18:30 Mario Montalbetti. The Limit of the Poem. What I wish to consider in this lecture is the radical gap between saying and seeing. For reasons I will explain during my lecture, I will confine my scope to the poem. The main idea is the following: the limit of the poem is not the unsayable, because, after all, the unsayable is part of the sayable. We are always saying what cannot be said, as if the unsayable were a parasite which is too small to be seen through the lens of language —but which “is there” nonetheless. Nor is silence a limit because silence is also an invention of what we say; silence always follows a having-said.
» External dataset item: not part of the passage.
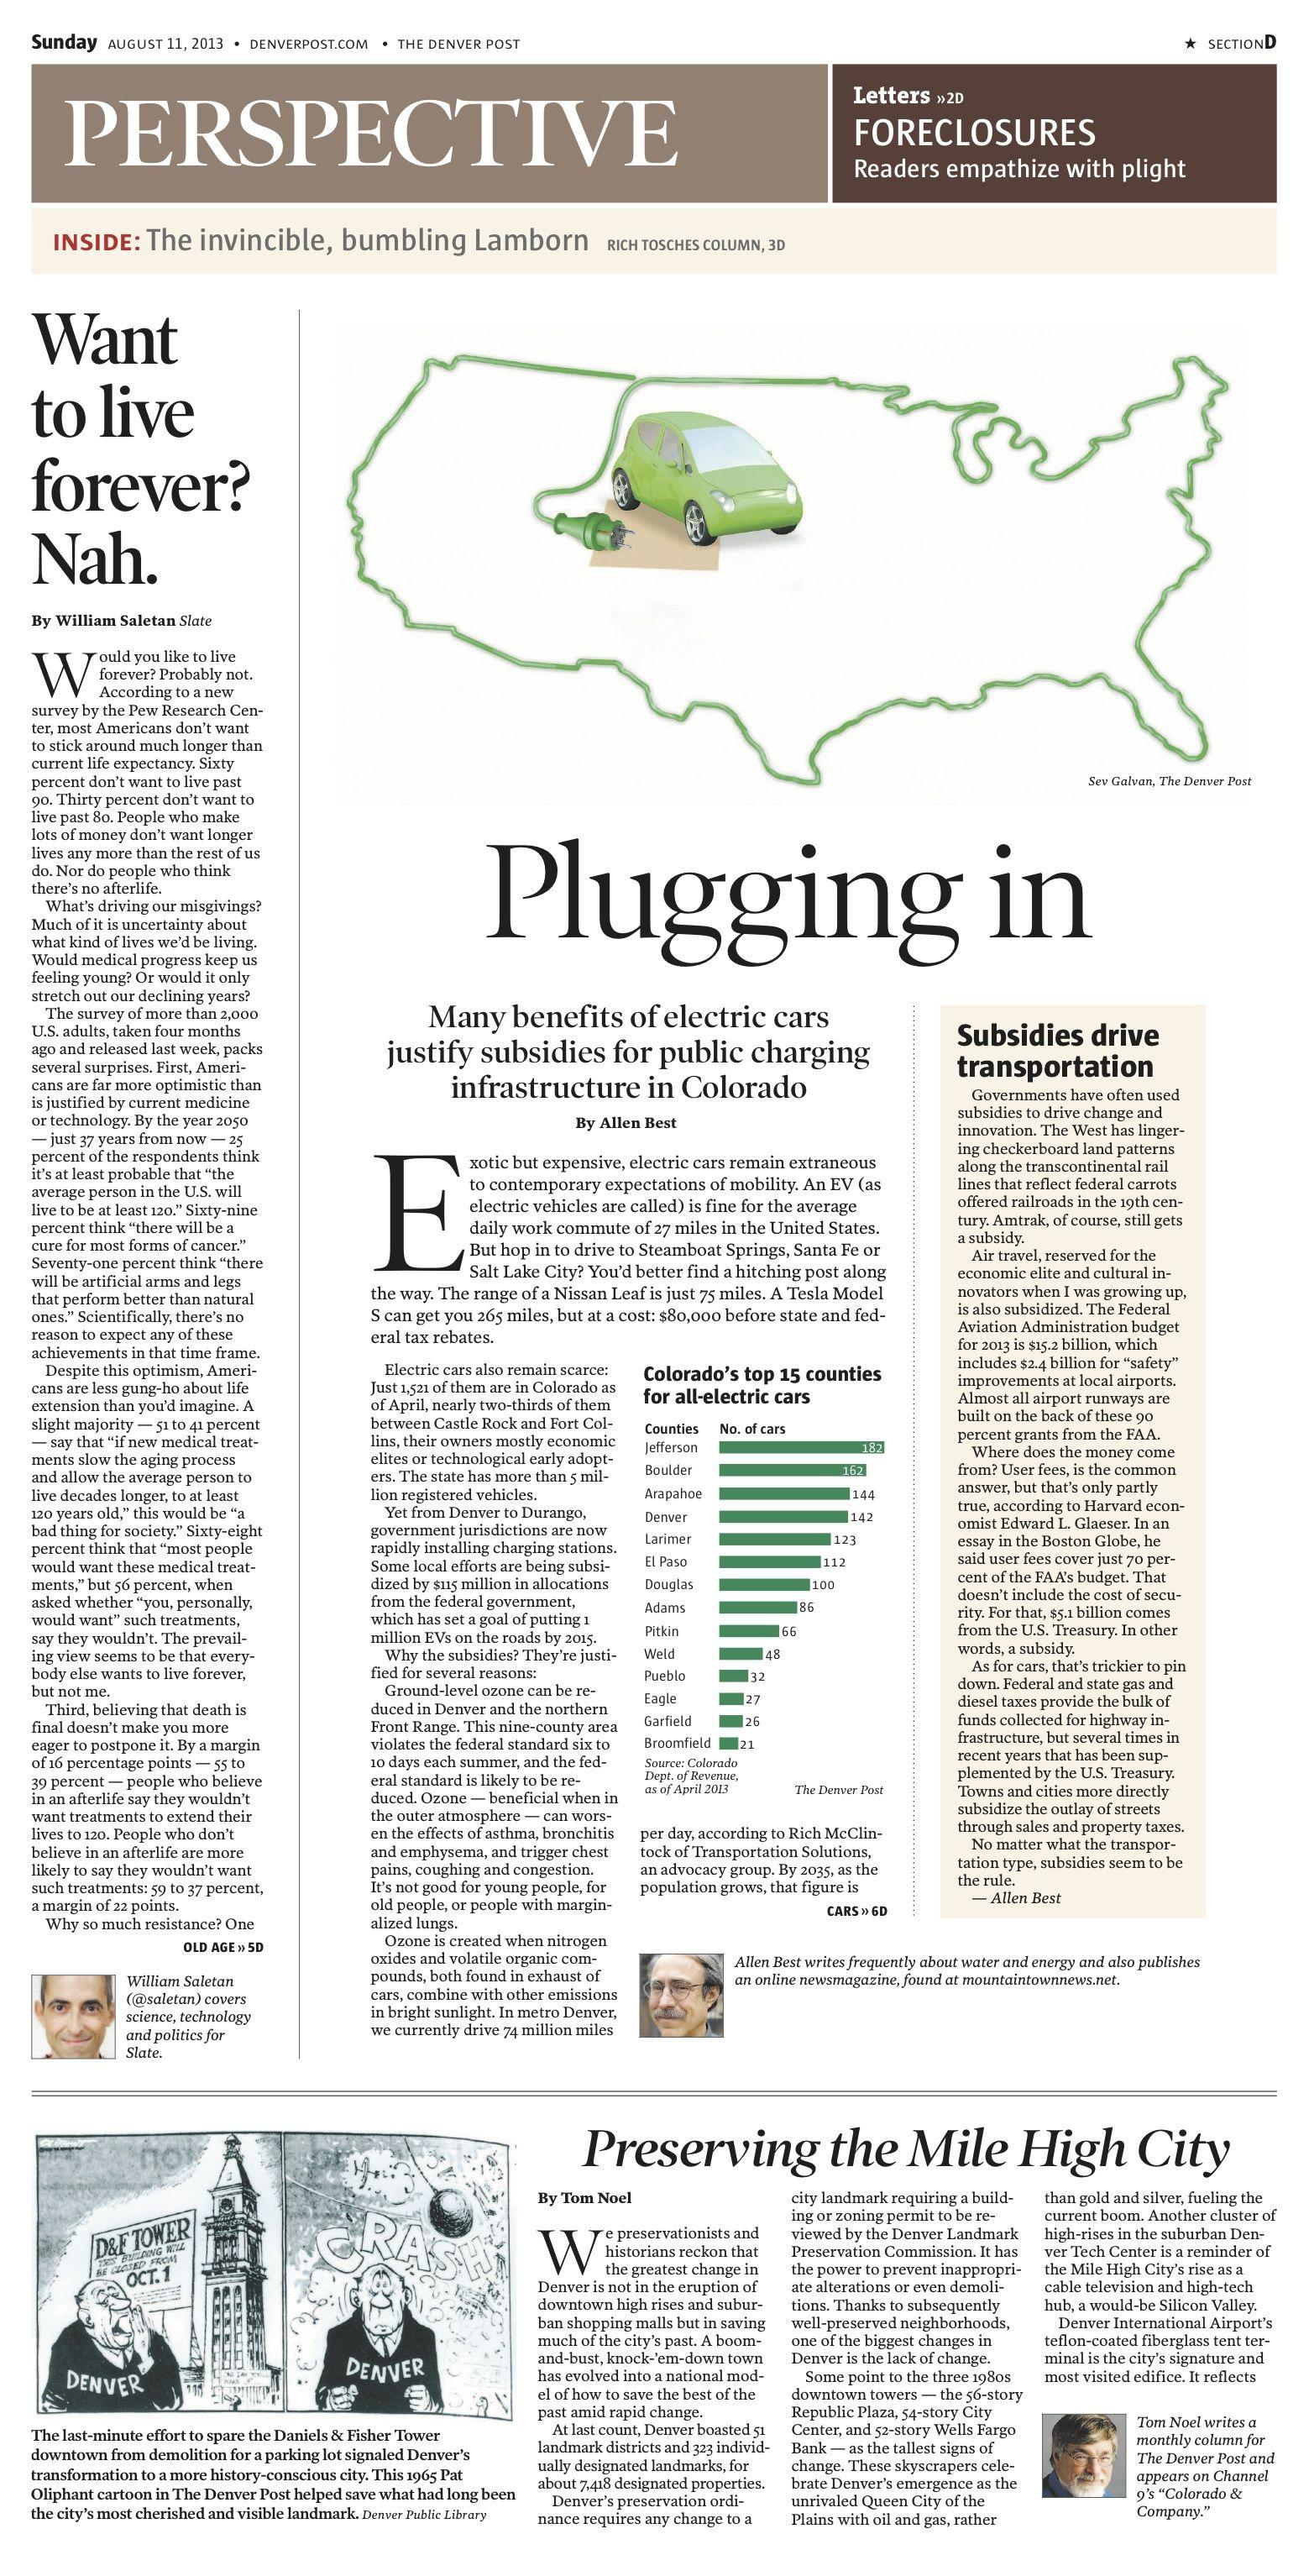 Sunday, August 11, 2013 Denver Post Perspective cover. Illustration by Sev Galvan.

The thesis then is that the limit of the poem, the limit of the sayable, it not the unsayable but the visible in an absolute sense. And that is possible if we accept the radical blindness of the poem.
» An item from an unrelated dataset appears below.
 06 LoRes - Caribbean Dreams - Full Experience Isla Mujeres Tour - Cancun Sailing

Mario Montalbetti is Professor of Linguistics at Pontificia Universidad Católica del Peru. His poetry has been complied in Lejos de mí decirles (Aldus, Mexico 2013). His recent publications include an essay on Blanca Varela, El más crudo invierno (FCE, Lima 2016) and the collection of poems Notas para un seminario sobre Foucault (FCE, Lima 2018).
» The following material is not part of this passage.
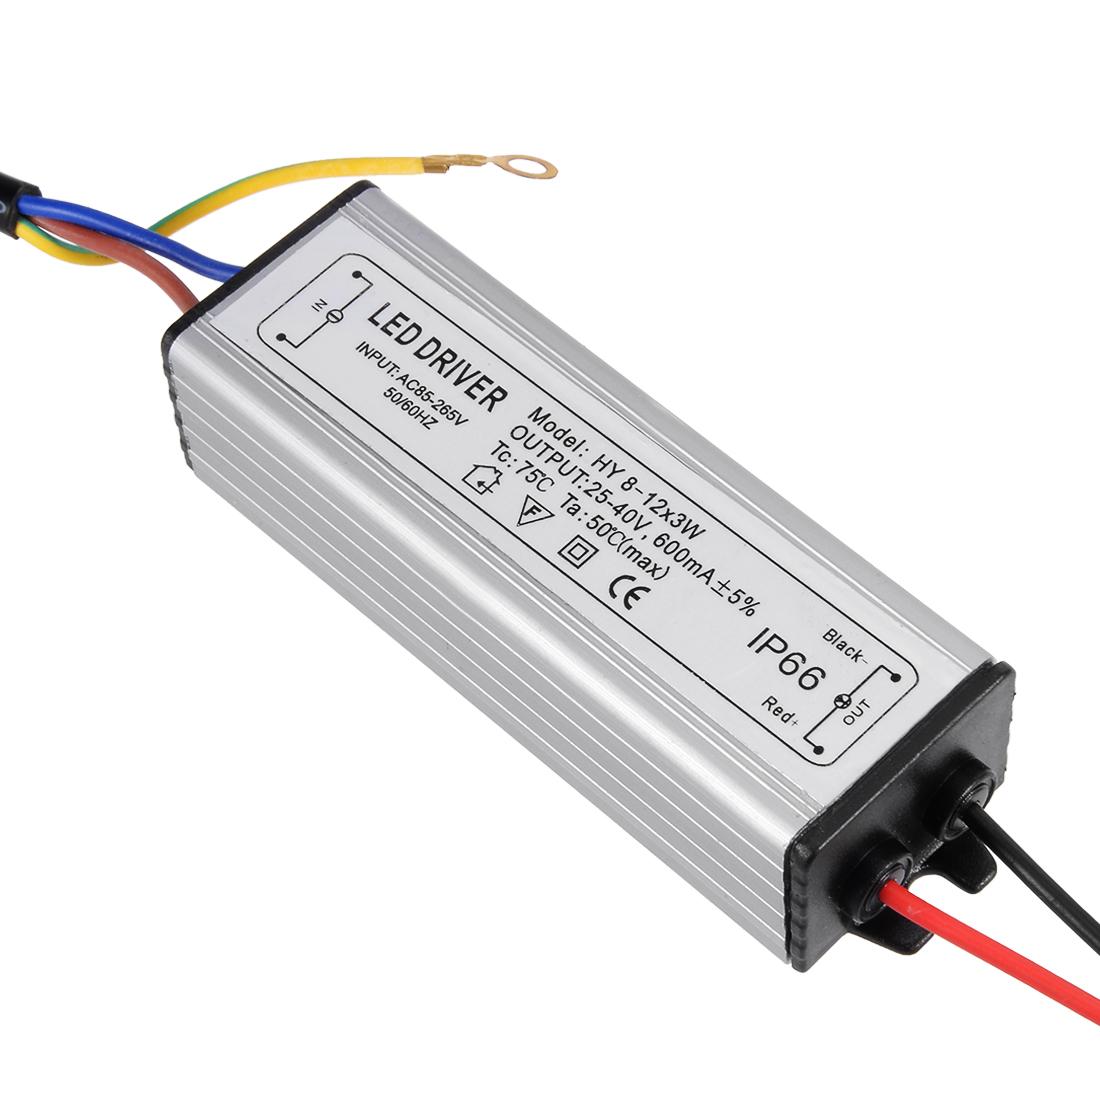 AC 85-265V to DC 25-40V 600mA IP66 8-12x3W LED Lightstrip Power Supply Driver

19:30 Debate moderated by Manuel Asín. Manuel Asín is the coordinator of the film department at Círculo de Bellas Artes de Madrid and is a programmer for MNCARS, CCCB, SEFF, etc. He has published articles in Trafic, Concreta and Caimán, and he sits on the editorial board of this last-named journal. He has co-authored Desde Shakespeare (Calambur, 2017) with José Antonio Escrig and he ran the Intermedio publishers from 2010 to 2015. He also lectures at EQZE (Tabakalera, San Sebastián) and the Master LAV (Madrid).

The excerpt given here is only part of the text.